**ABOUT THIS EXERCISE:**
Copy word for word the line containing "With few tourists" together with all lines following it to the end of the listing below, without the pictures.

**DATA EXTRACT:**
■ ■ ■ ■
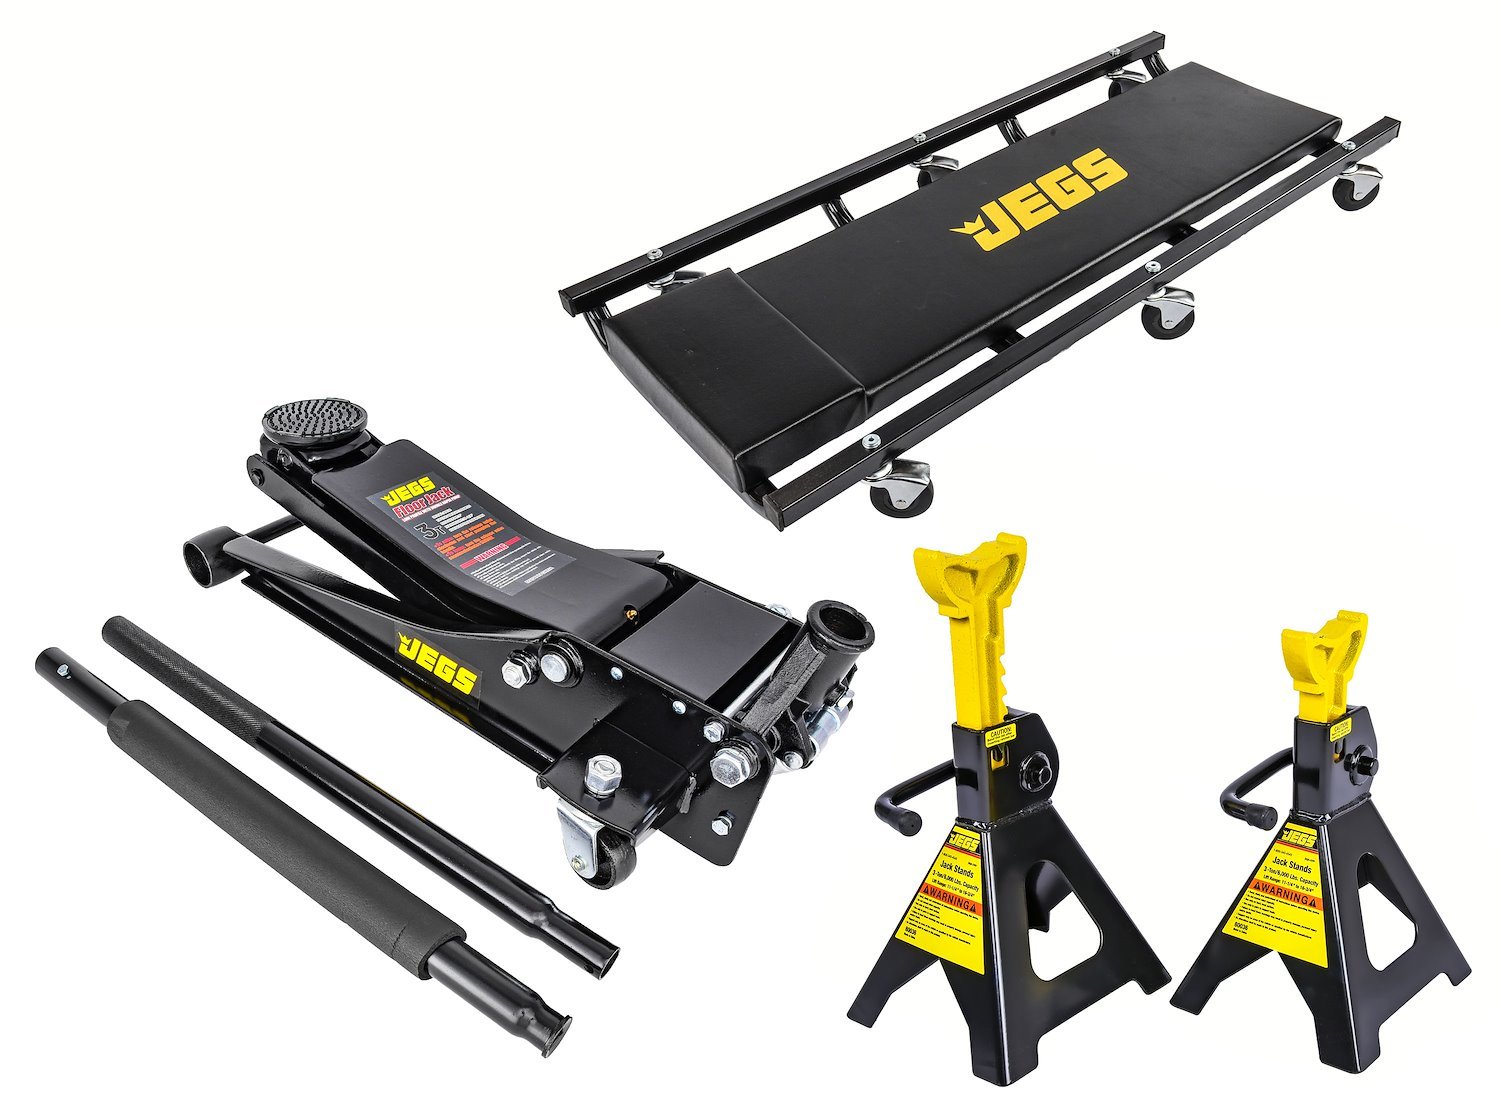 3-Ton Low-Profile Professional Floor Jack Kit with 3-Ton Capacity Jack Stands and Lo Boy Creeper
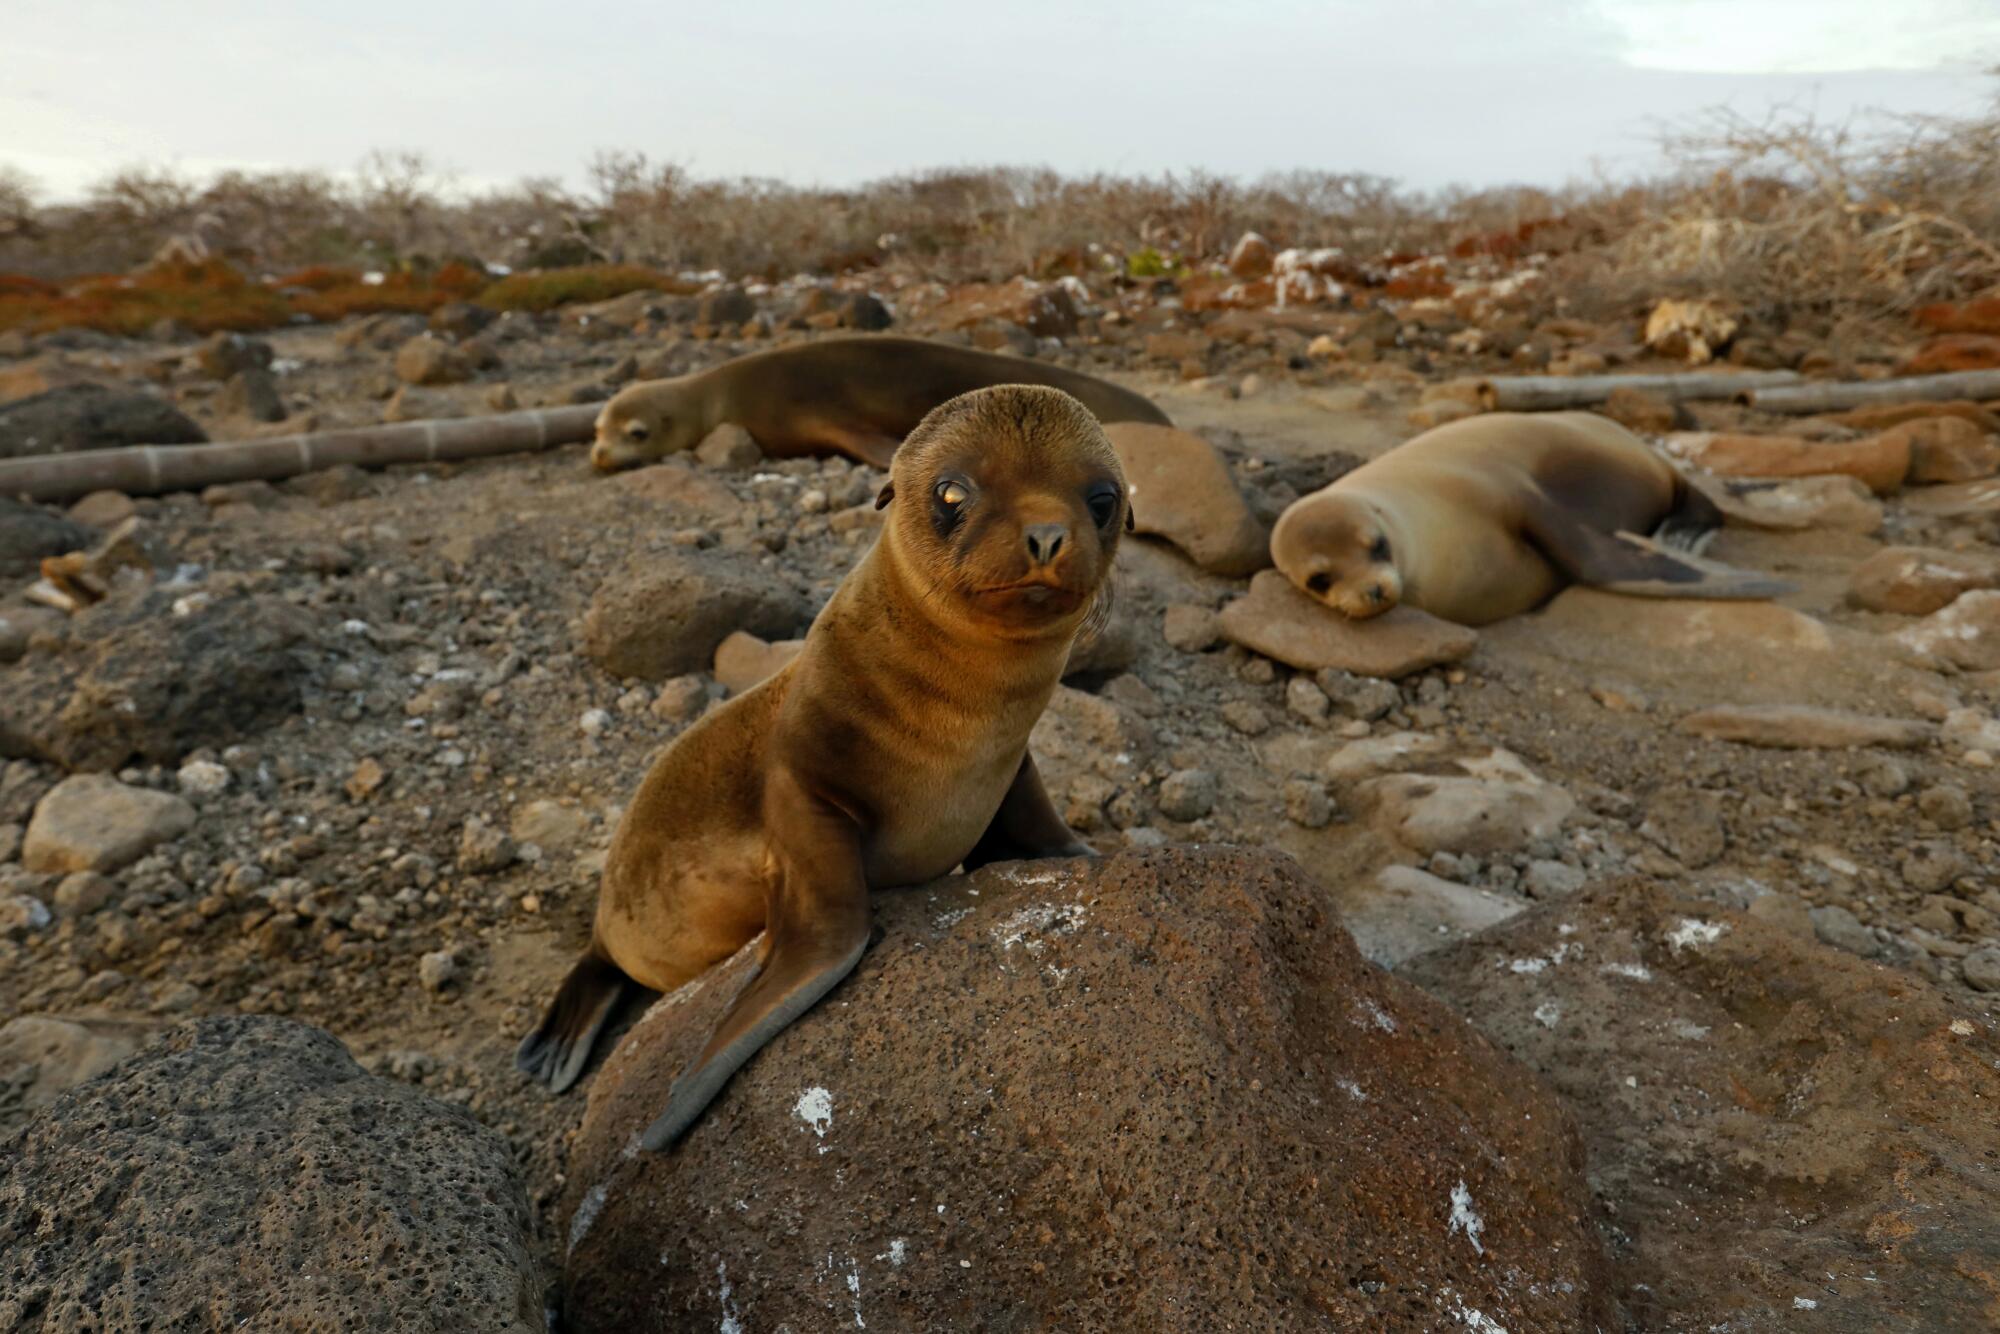 With few tourists visiting the Galapagos, a baby sea lion has his first encounter with a human on North Seymour Island.
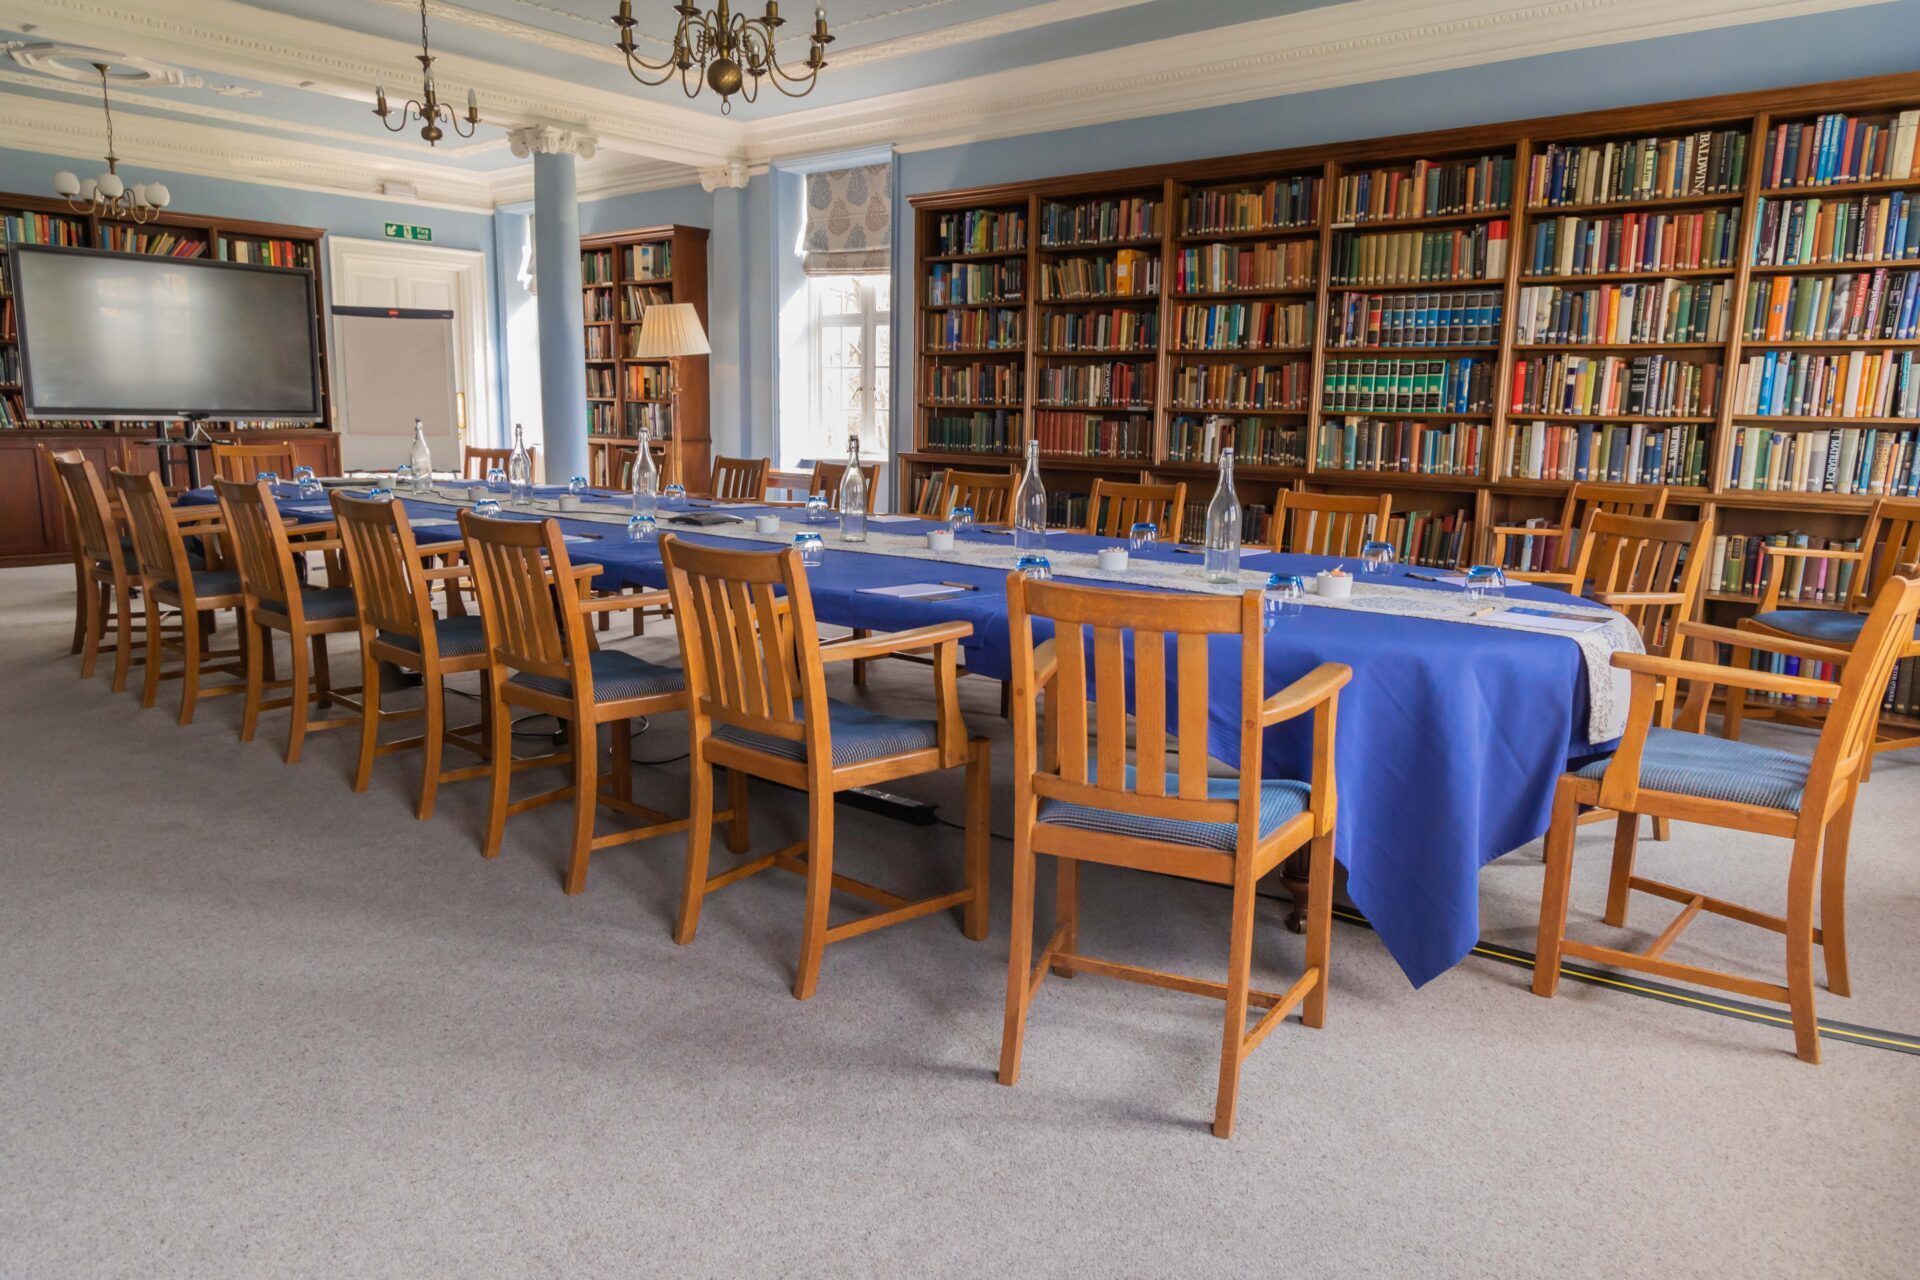 The Amy Buller Library in Cumberland Lodge, set up to accommodate 20 guests
■ ■ ■ ■
**TASK OUTPUT:**
 With few tourists visiting the Galapagos, a baby sea lion has his first encounter with a human on North Seymour Island.
 The Amy Buller Library in Cumberland Lodge, set up to accommodate 20 guests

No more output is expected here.